By the time hostilities commenced in South Ossetia in August 2008, McCain's animus towards Russia, which he repeatedly pledged to eject from the G-8, was already the stuff of legend. But seeing an opportunity to capitalize on his perceived advantage over Barack Obama on national security issues, McCain moved quickly and aggressively to commit the United States to Georgia's defense.

On his campaign bus in Pennsylvania, McCain told reporters, "I think it's very clear that Russian ambitions are to restore the old Russian empire." Three days later on August 14, 2008, McCain penned the now-famous Wall Street Journal op-ed "We Are All Georgians" which opportunistically appropriated global sentiment towards the United States after the horror of 9/11:

"As I told President Saakashvili on the day the cease-fire was declared, today we are all Georgians.
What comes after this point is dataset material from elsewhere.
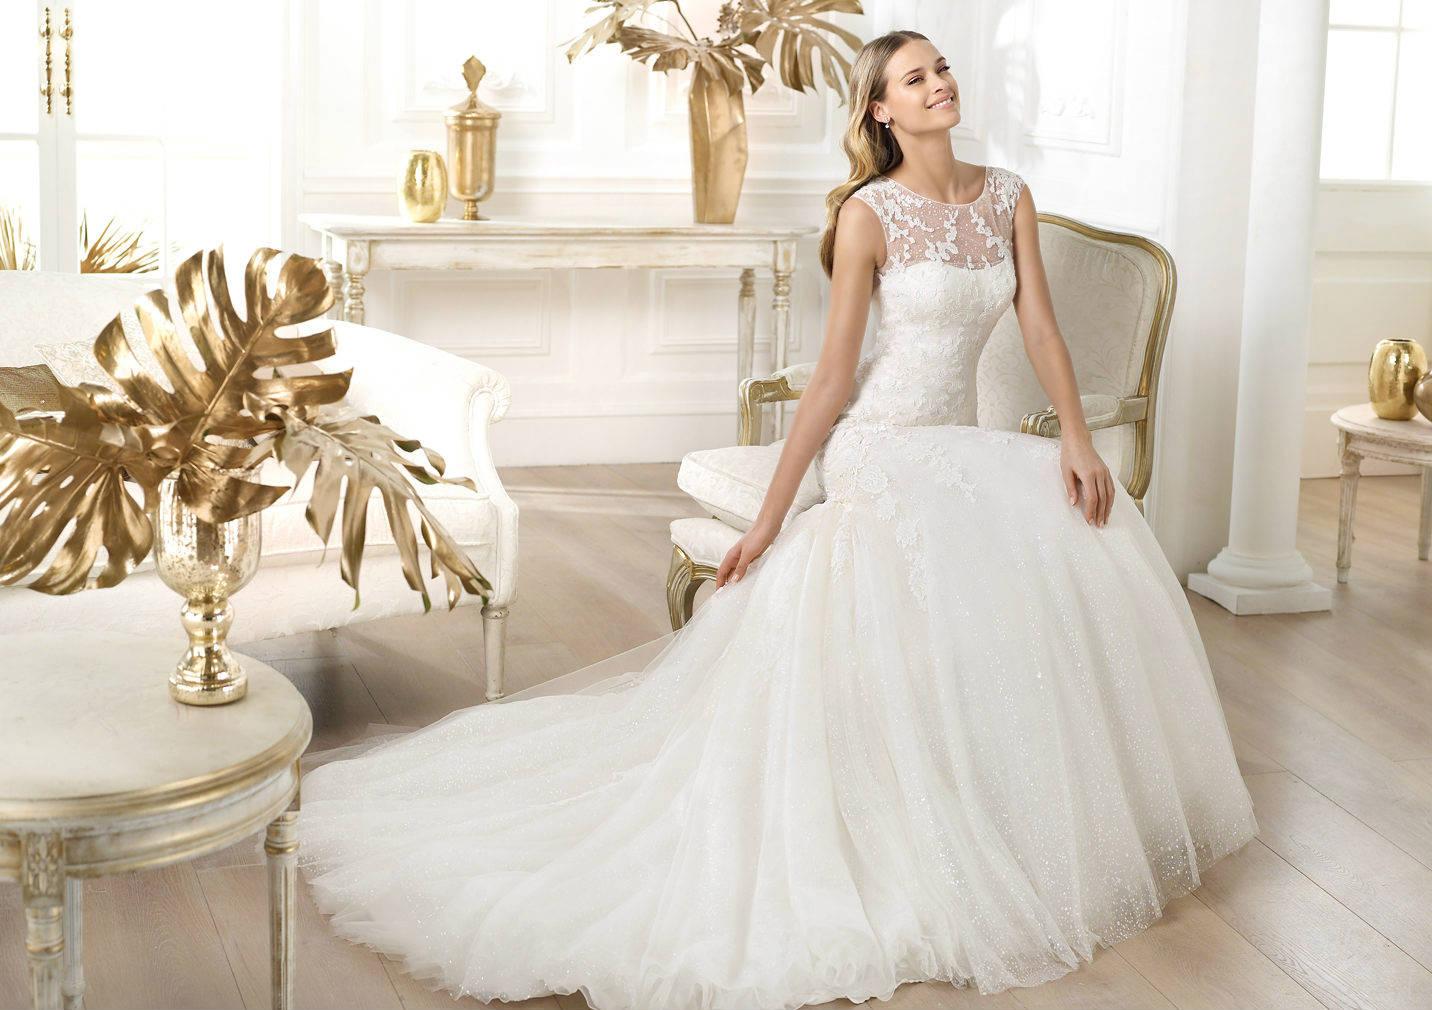 بالصور احدث فساتين الزفاف , موديلات فساتين زفاف جديده لعام 2019 3724 11
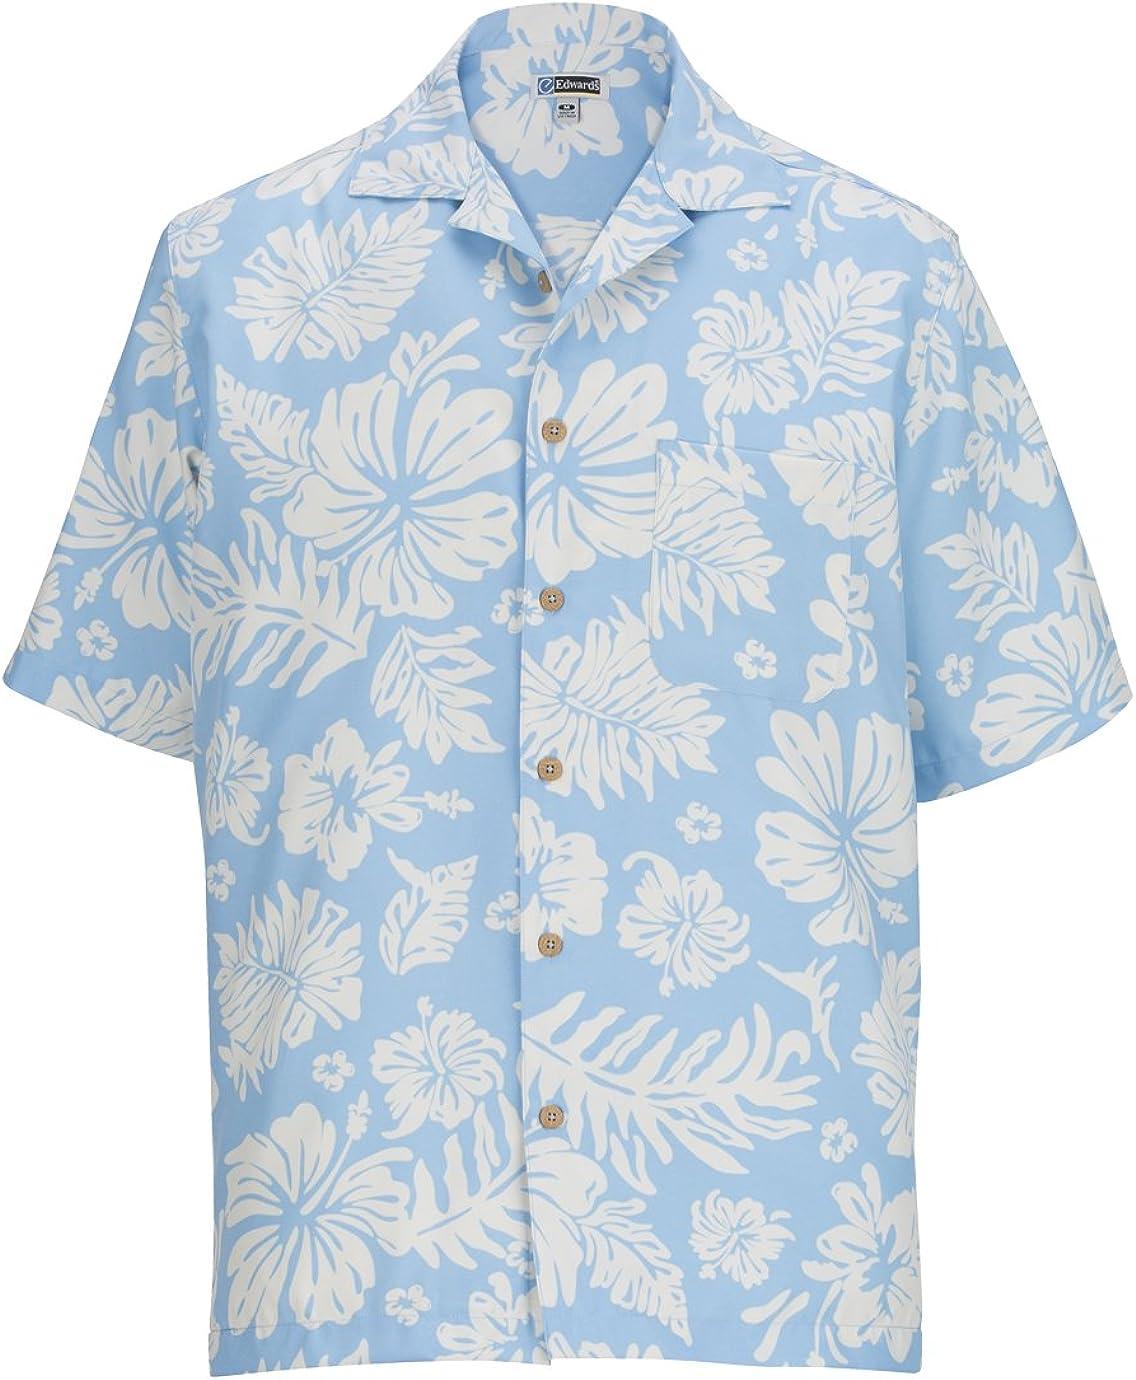 Ed Garments Men's Classic Camp Pocket Shirt,Blue, XXXXX-Large

We mustn't forget it."

Of course, the press corps, bought it hook, line and sinker, a fawning over McCain's supposed international leadership that continues to this day. After announcing that "Georgia dominates the Sunday shows," Politico on August 17, 2008 declared, "McCain reopens the national security gap."

There was, of course, a problem with John McCain's dangerously reckless bellicosity on behalf of Georgia, "this small democracy, far away from our shores, [which] is an inspiration to all those who cherish our deepest ideals."

He was wrong.

In the fall of 2009, a report commissioned by the Council of the European Union found that Georgia "started unjustified war." While the EU analysis placed blame on both Tbilisi and Moscow for what transpired, it rejected the Georgian government's explanation that the attack was defensive. As the BBC reported:

"The shelling of Tskhinvali (the South Ossetian capital) by the Georgian armed forces during the night of 7 to 8 August 2008 marked the beginning of the large-scale armed conflict in Georgia," the report says.

It adds later: "There is the question of whether [this] use of force... was justifiable under international law. It was not."

While Georgia protested those conclusions, Commissioner Jorg Himmelreich described in the New York Times "the decisive role that the United States played before, during and after the conflict." By late 2010, revelations from U.S. diplomatic cables released by Wikileaks showed that "Washington relied heavily on the Saakashvili government's accounts of its own behavior."

Mercifully, few in the U.S. listened to McCain or his grandstanding. But in January 2010 ceremony in Tbilisi, John McCain was honored as a national hero by the country he put first - Georgia.

But that was then and this is now. And now, John McCain doubtless believes, today we're all Libyans.